While they haven't met in a final in 14 years, Argentina and Brazil have locked horns on the Copa América stage since, and recently. Argentina's last loss, period, came two years ago, to Brazil, in Copa América. The 2–0 semifinal defeat gave way to a third-place finish and kicked off a 19-match unbeaten run that leads into Saturday's final.
Brazil will be the favorite, based on its status as host and based on the talent it has on paper. Yet for all the focus on what Messi hasn't won for his country, it's only prudent to point out that Neymar hasn't technically delivered a major trophy to his, either. You can flag the 2013 FIFA Confederations Cup Brazil won if you'd like, but aside from that, Neymar's lone gold medal for Brazil has come on the Olympic stage. He achieved that as one of host Brazil's over-age selections at Rio 2016. Messi has won Olympic gold as well—as an age-eligible star on the rise in Beijing 2008.
The Copa América and World Cup titles are the holy grails by which these stars are ultimately going to be judged. Brazil won its 2019 Copa América without Neymar, who had to withdraw with an injury before the competition began, so while he has been a central figure in the team's success and evolution and remains on course to surpass Pelé's national scoring record by a wide margin, he has some unfinished business from a personal standpoint.
It's only appropriate, then, that these two global superstars duel on the final stage to give this tournament an injection of intrigue. This Copa América has been clouded by criticism. The initial plan, for Argentina and Colombia to co-host it, went up in smoke due to COVID-19 surges in one country and political unrest in the other and was moved to a location that features both. Players and coaches have been outspoken about the foolishness, and Brazil had mulled a boycott before pulling back.

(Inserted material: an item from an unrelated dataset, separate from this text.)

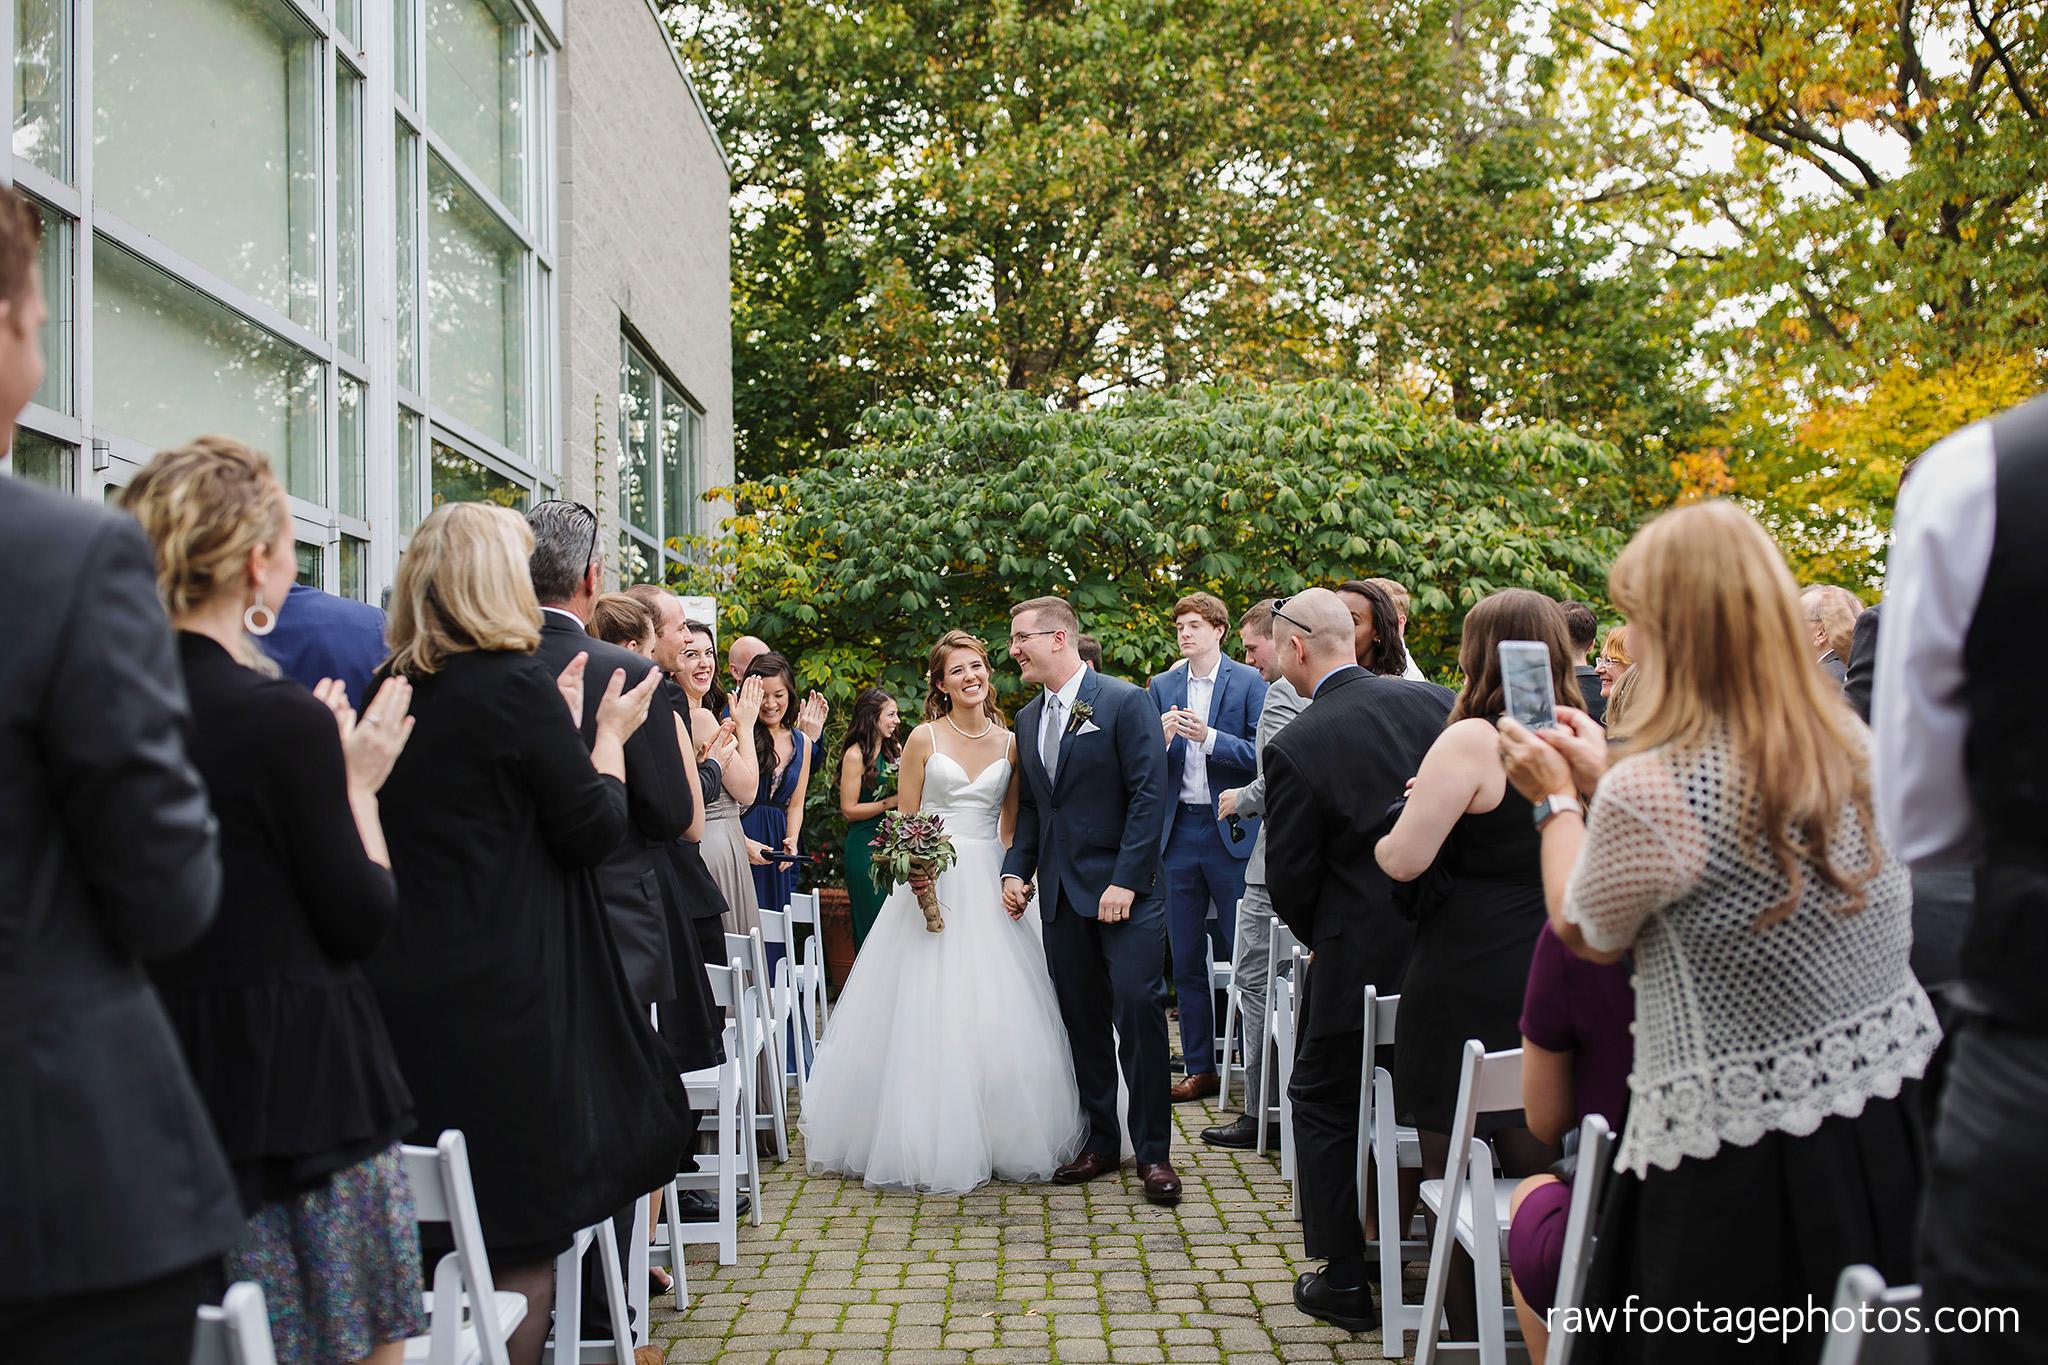 london_ontario_wedding_photographer-civic_gardens-springbank_park-succulent_bouquet-fall_wedding-bridge-raw_footage_photography042.jpg

With the planned guest nations, Qatar and Australia, pulling out months prior, CONMEBOL went ahead with two groups of five, playing a full group stage in empty stadiums for the purpose of eliminating two teams—another act of foolishness. It also certainly didn't help that teams went from playing opponents in World Cup qualifying to days later facing off again in Copa America. It took away from the lack of uniqueness that the competition can bring.
Yet for all of the gripes, the two clear top sides in South America right now have emerged through the knockout stage, led by their two phenoms who are playing well and playing with points to prove. At the end of this monthlong slog, the stakes are actually quite high. For Messi and Argentina, it's a chance to quiet years worth of doubters and critics while putting an end to a trophy drought (and pulling even with Uruguay for most Copa titles all-time at 15). That it could come while its nation still grieves the loss of Diego Maradona would only be more apropos. For Neymar and Brazil, it's an opportunity to complete a unique Copa América repeat a year out from a World Cup that it'll hope and expect to win while closing the gap on Argentina and Uruguay in the all-time annals. Where Argentina sees a milestone, Brazil sees a building block. That one side's goal will be achieved at the expense of the other will only heighten the sense of the occasion, and regardless of how they got there, a Brazil-Argentina final with this set of leading actors will be a sight to behold.